Journal: BMC Genomics, vol. 21, p. 18, 2020
International Standard Numbers:
Open Access: gold
Listeria (L.) monocytogenes strains show a high diversity regarding stress tolerance and virulence potential. Genome studies have mainly focused on specific sequence types (STs) predominantly associated with either food or human listeriosis. This study focused on the prevalent ST155, showing equal distribution among clinical and food isolates. We evaluated the virulence potential of 20 ST155 strains and performed comparative genomic analysis of 130 ST155 strains isolated from food, food processing environments and human listeriosis cases in different countries and years.
The in vitro virulence assays using human intestinal epithelial Caco2 and hepatocytic HEPG2 cells showed an impaired virulence phenotype for six of the 20 selected ST155 strains. Genome analysis revealed no distinct clustering of strains from the same source category (food, food processing environment, and clinical isolates). All strains harbored an intact inlA and inlB locus, except four strains, which had an internal deletion in the inlA gene. All strains harbored LIPI-1, but prfA was present in a longer variant in six strains, all showing impaired virulence. The longer PrfA variant resulted in lower expression of inlA, inlB, and prfA, and no expression of hly and actA.

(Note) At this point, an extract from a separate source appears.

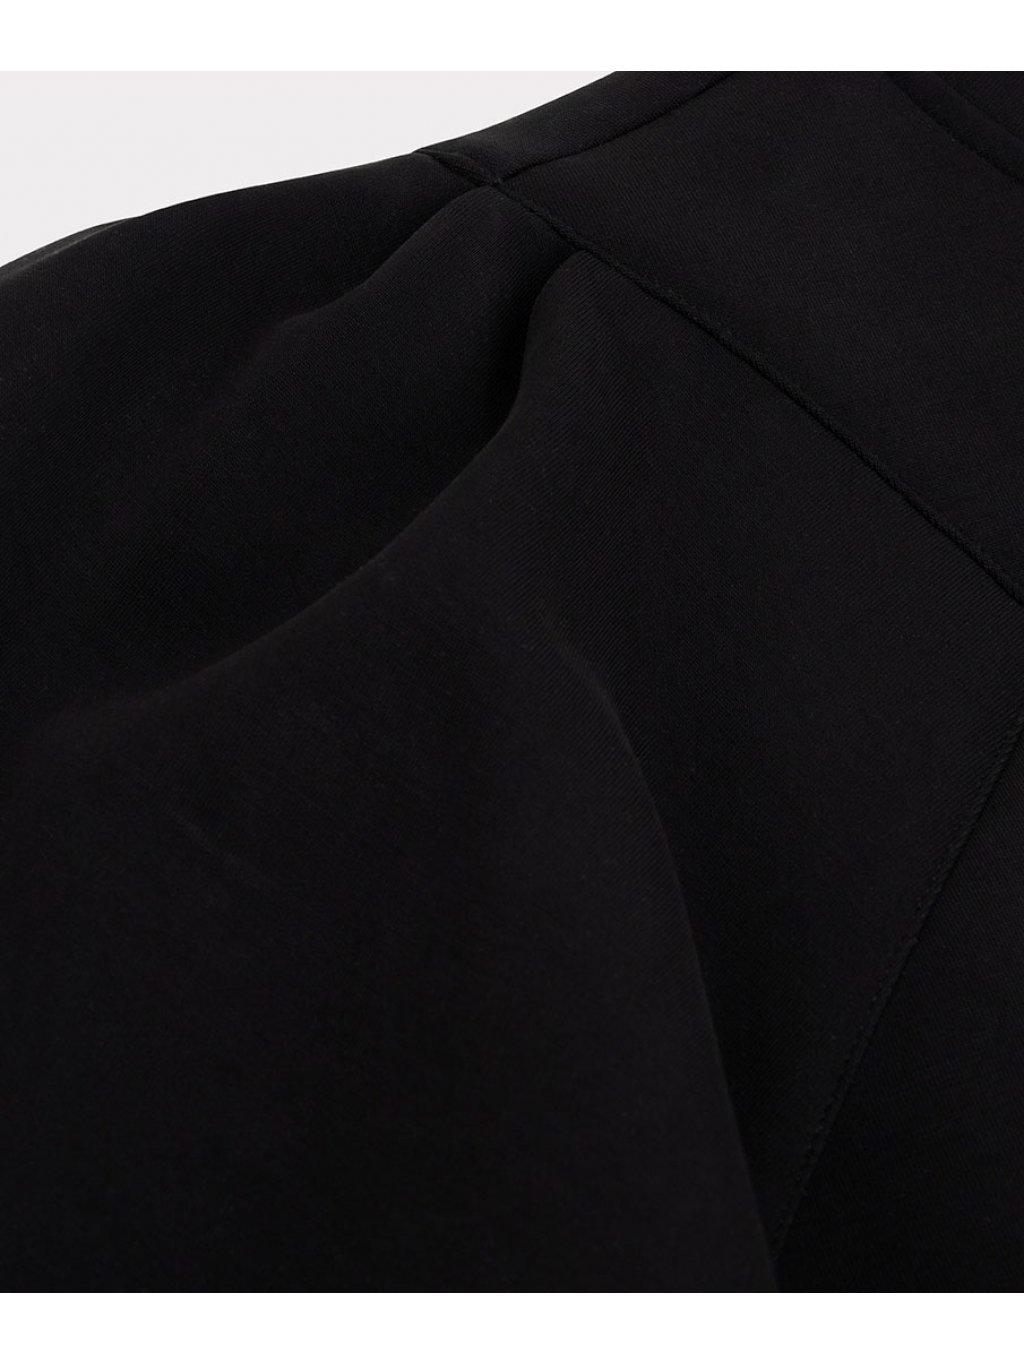 Šaty Esqualo 5513 černé neoprenové

Regarding stress-related gene content, SSI-1 was present, whereas qacH was absent in all strains. 34.6% of the strains harbored a plasmid. All but one ST155 plasmids showed high conservation and harbored cadA2, bcrABC, and a triphenylmethane reductase.

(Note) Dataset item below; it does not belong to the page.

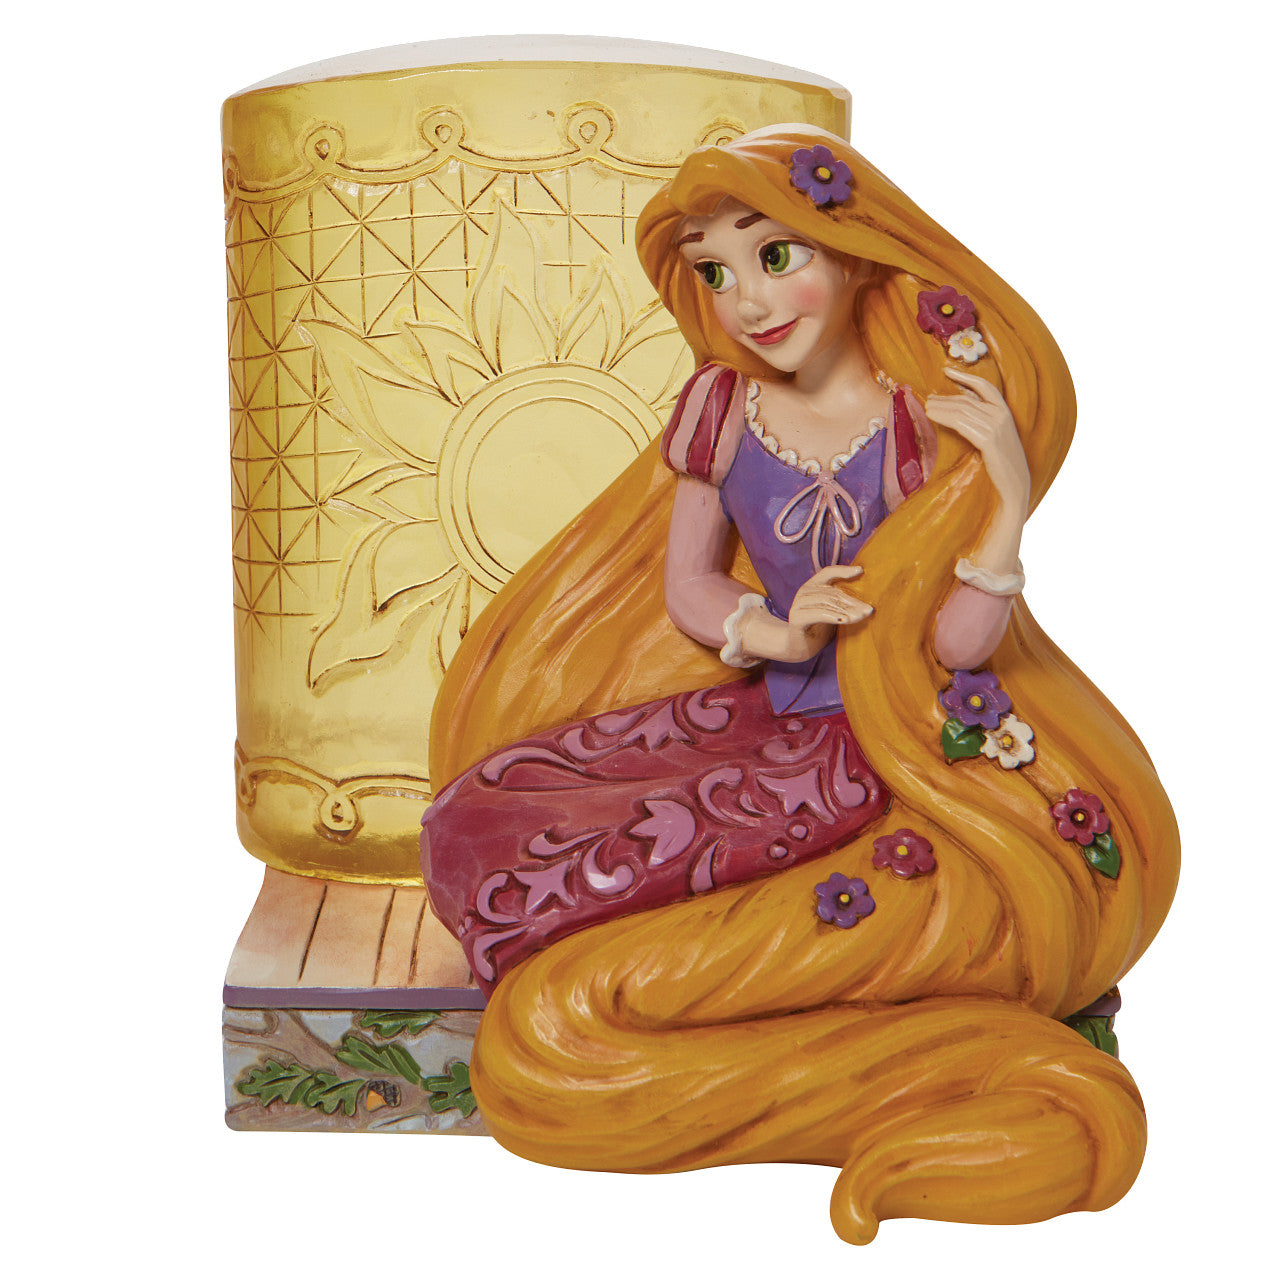 A New Dream - Rapunzel with Lantern

This study contributes to an enhanced understanding of L. monocytogenes ST155 strains, being equally distributed among isolates from humans, food, and food processing environments. The conservation of the present genetic traits and the absence of unique inherent genetic features makes these types of STs especially interesting since they are apparently equally adapted to the conditions in food processing environments, as well as in food as to the human host environment. However, a ST155-specific mutation resulting in a longer PrfA variant impaired the virulence potential of several ST155 strains.